Which is how they ended up sitting in his kitchen, Fang's head in her lap and an open bottle of bourbon on the table between them. (Molly would have my head if she knew, but seeing as you're off age, he had said, and then poured them both large glasses.) It had only taken her a second to mend the cuts on his face and take the swelling out of his bruises, but there was nothing she could have done for the fractured jaw. And then Hagrid had said that it had been such a long time since he's had company, what with Harry, ron, and Hermione running their illegal meetings (here, Audra choked on her drink and he hit her on the back so hard she was knocked into the table), that he might as well just treat her like a guest.

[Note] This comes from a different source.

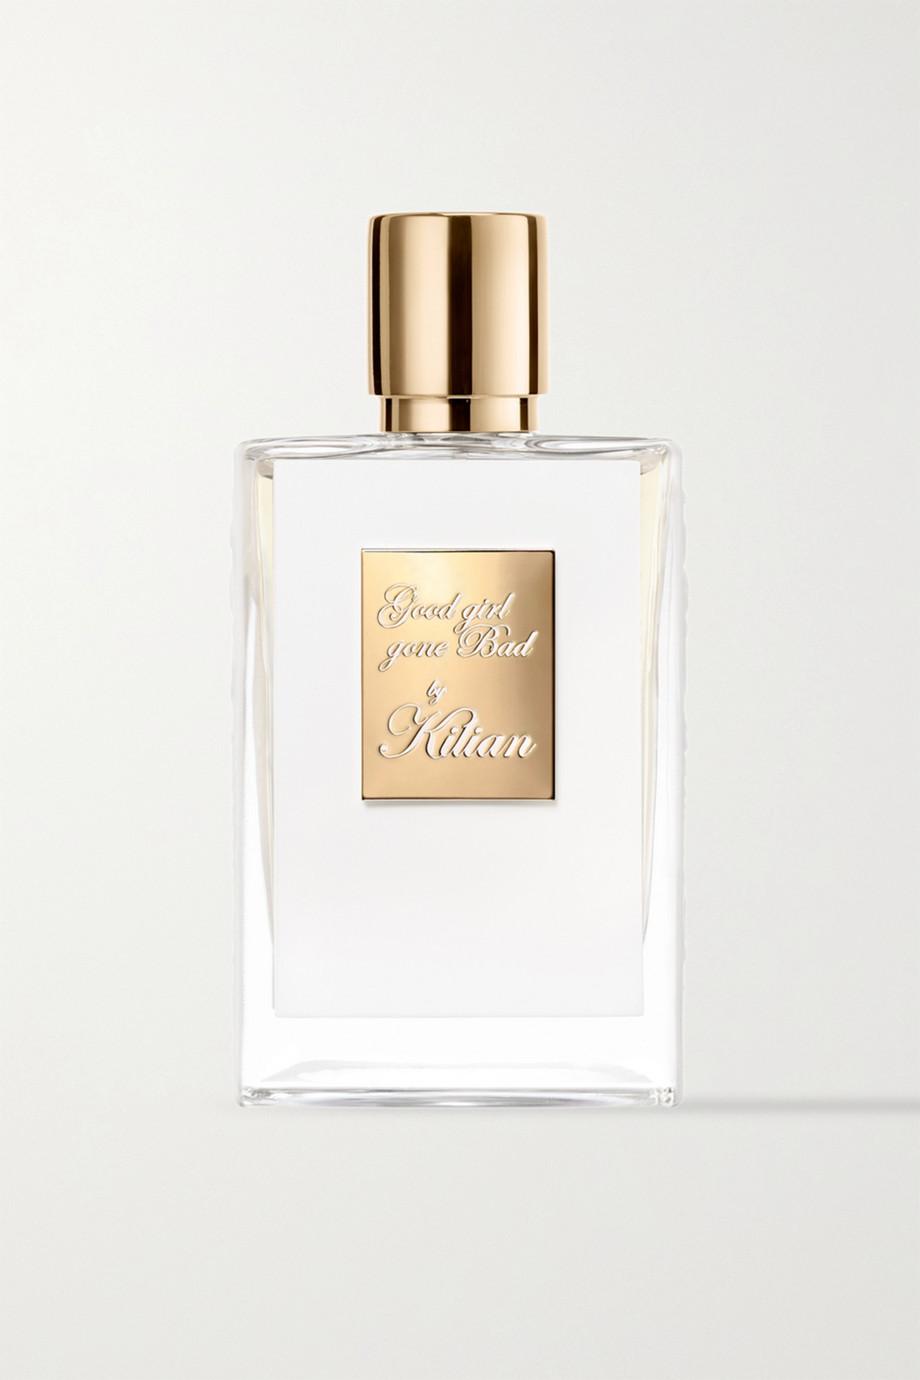 Kilian Good girl gone Bad – Rose, Tuberose & Jasmin, 50 ml – Eau de Parfum

"You're doing a good thing, Audra." Hagrid was slurring his words, slightly, waving his glass in a way that made it seem like he was gesturing for a toast. Audra clinked her glass against his just for the fun of it, leaning back and laughing, and he nodded appreciatively. "I mean it. Don't think anyone's told you yet, but you're being a hero, that's what you are. Might not always feel like it, but you are. All of you kids are."

"It never feels like it." She stares at him, desperate for him to reassure her that she really is making the right choice, but his earnest expression is too earnest for her to handle. "It's hard to tell the right thing anymore. There's so many secrets and lies and sacrifice for the greater good," she says, reciting what Dumbledore had told her the last time they had met, when she told him of the prisoners that were being tortured as they spoke and he told her they could not afford to rescue them. "Maybe there is no right thing. Maybe it's just about surviving. And this choice, this helps Harry, and it protects the Weasley's, and its the only thing I could think of doing that protects the twins."

"Only right," He slurs, looking out at something towards the forest. There is nothing there, but from the look on his face, Audra knows that he is picturing something. Or someone. "Only right that you'd protect the Weasleys, protect the ones you call your own. Family's something important Audra. Once you find the people you belong with, you protect them, no matter the cost."

"And my real family, Hagrid?" Audra said, finally voicing the thing she had been too scared to say. The thing she kept quiet because she was worried that her friends would look down on her for worrying about them, for caring about them, even as they work to murder and torture all the ones she cares about. Not everyone I care about, she thought desperately, feeling the ever present feeling of tears rise in her eyes again. Not mom, not dad, not Vance. Not Draco and Emmeline and Pansy, as horrible as they can all be. "Who's protecting them?"

"They made their choices, Audra." She wasn't looking at him, but Audra could still make out his expression in the glass in front of her- sad and upset and looking like he wants to help but doesn't know how. "You tried, that's all you can do."

"I killed them, Hagrid." She pours herself another glass, and throws it back in one gulp, feeling the pleasant rush of numbness coiling up in her stomach. "The moment I joined the Order, I might as well have killed them with my own two hands. Because as soon as he finds out I've been working against him -and he will- they're dead."

Hagrid doesn't answer her.

There aren't any right choices anymore. Audra's starting to thing there aren't any right answers, either, nothing to make this better. Not even from him.